Donald Armin Blome is an American diplomat serving as the United States Ambassador to Pakistan since 2022. He also served as the United States Ambassador to Tunisia from 2019 to 2022.

Early life and education 
Blome received a Bachelor of Arts and a Juris Doctor from the University of Michigan.

Career 
Prior to joining the government, Blome worked as an attorney in Chicago, Illinois.

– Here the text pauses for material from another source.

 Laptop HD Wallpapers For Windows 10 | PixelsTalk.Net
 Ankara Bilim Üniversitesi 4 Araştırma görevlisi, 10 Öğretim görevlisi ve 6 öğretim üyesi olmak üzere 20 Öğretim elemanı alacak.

Blome is a career member of the Senior Foreign Service, with the rank of Minister-Counselor; he has served since 1993. He previously served as the U.S. Ambassador to Tunisia. Prior to that, he served as Chargé d’Affaires a.i. at the Libya External Office in Tunis, Tunisia. He also served as Consul General at the U.S. Consulate in Jerusalem, and Director, Office of Arabian Peninsula Affairs at the U.S. Department of State. Blome served as Political Counselor, Embassy Kabul, Afghanistan and as Minister-Counselor for Economic and Political Affairs at the U.S. Embassy in Cairo, Egypt. Before this, Blome served as the Civilian Co-Director, Multinational Force Strategic Engagement Cell, Baghdad, Political Counselor, Embassy Kuwait, and as Israel Desk Officer, Deputy Director and Acting Director, Office of Israel and Palestinian Affairs.

United States Ambassador to Tunisia 
In August 2018, President Donald Trump nominated Blome to serve as U.S. Ambassador to Tunisia. His nomination was confirmed in the United States Senate by voice vote on January 2, 2019. He was sworn into office on January 9, 2019. He presented his credentials to President Beji Caid Essebsi on February 7, 2019.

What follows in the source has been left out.